Hopefully yes. Thats mainly why I was looking at that series, to try and find
a way to do something similar for zswap.
> 
>> I actually had a few questions about it. Mainly that the benefit comes if the
>> pagefault happens on page 0 of the large folio. But if the page fault happens
>> on any other page, lets say page 1 of a 64K folio. then it will decompress the
>> entire 64K chunk and just copy page 1? (memcpy in zram_bvec_read_multi_pages_partial).
>> Could that cause a regression as you have to decompress a large chunk for just
>> getting 1 4K page?
>> If we assume uniform distribution of page faults, maybe it could make things worse?
>>
>> I probably should ask all of this in that thread.
> 
> With mTHP swap-in, a page fault on any page behaves the same as a fault on
> page 0. Without mTHP swap-in, there’s also no difference between
> faults on page 0
> and other pages.

Ah ok, its because of the ALIGN_DOWN in
https://elixir.bootlin.com/linux/v6.12-rc5/source/mm/memory.c#L4158,
right?
> 
> A fault on any page means that the entire block is decompressed.

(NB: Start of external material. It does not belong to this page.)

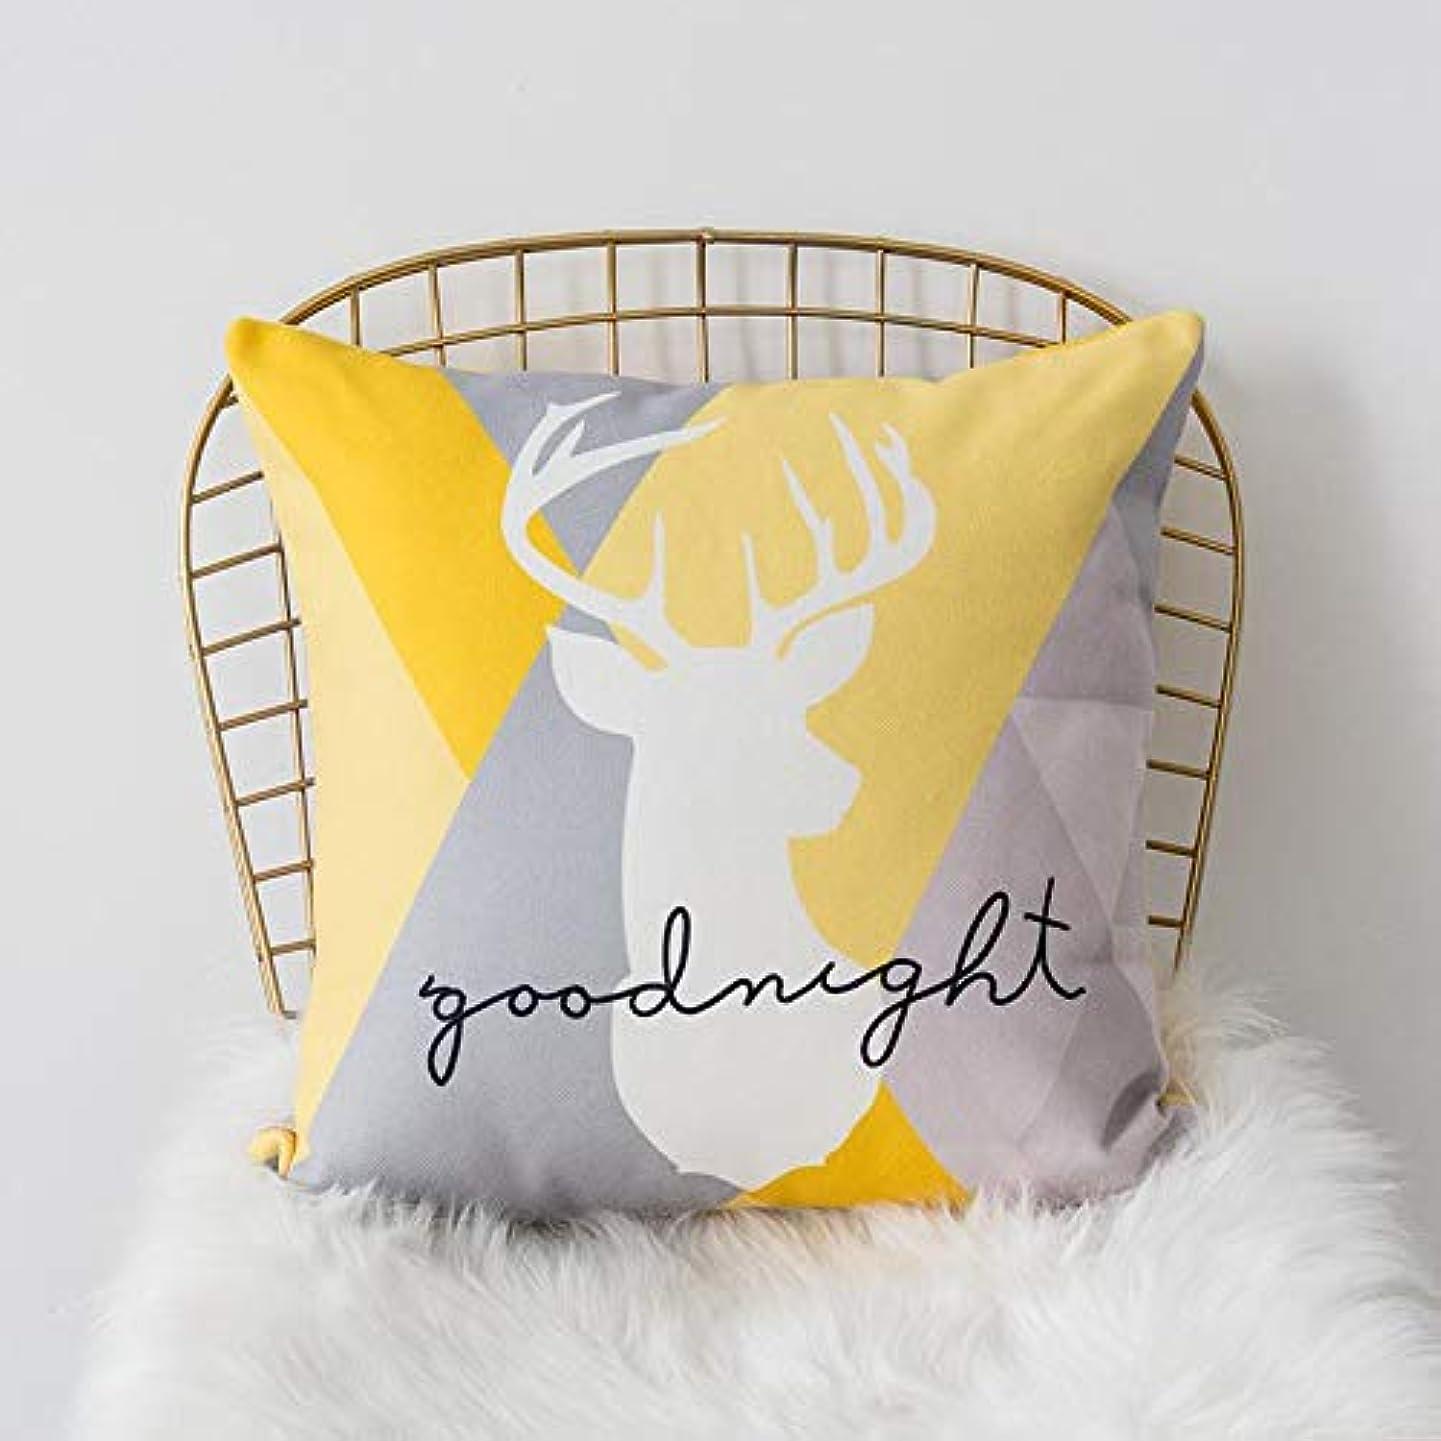 ルーキーマウス南極SMART 黄色グレー枕北欧スタイル黄色ヘラジカ幾何枕リビングルームのインテリアソファクッション Cojines 装飾良質 クッション 椅子

The
> only difference
> is that we don’t partially copy one page when mTHP swap-in is present.
> 
Ah so zram_bvec_read_multi_pages_partial would be called only
if someone swaps out mTHP, disables it and then tries to do swapin?

Thanks 

>>
>>>
>>>> If the workload owner sees a benefit, they can enable it.
>>>> I can add this when sending the next version of large folio zswapin if that makes
>>>> sense?
>>>> Longer term I can try and have a look at if we can do something with
>>>> workingset_restore_anon to improve things.
>>>>
>>>> Thanks,
>>>> Usama
> 
> Thanks
> Barry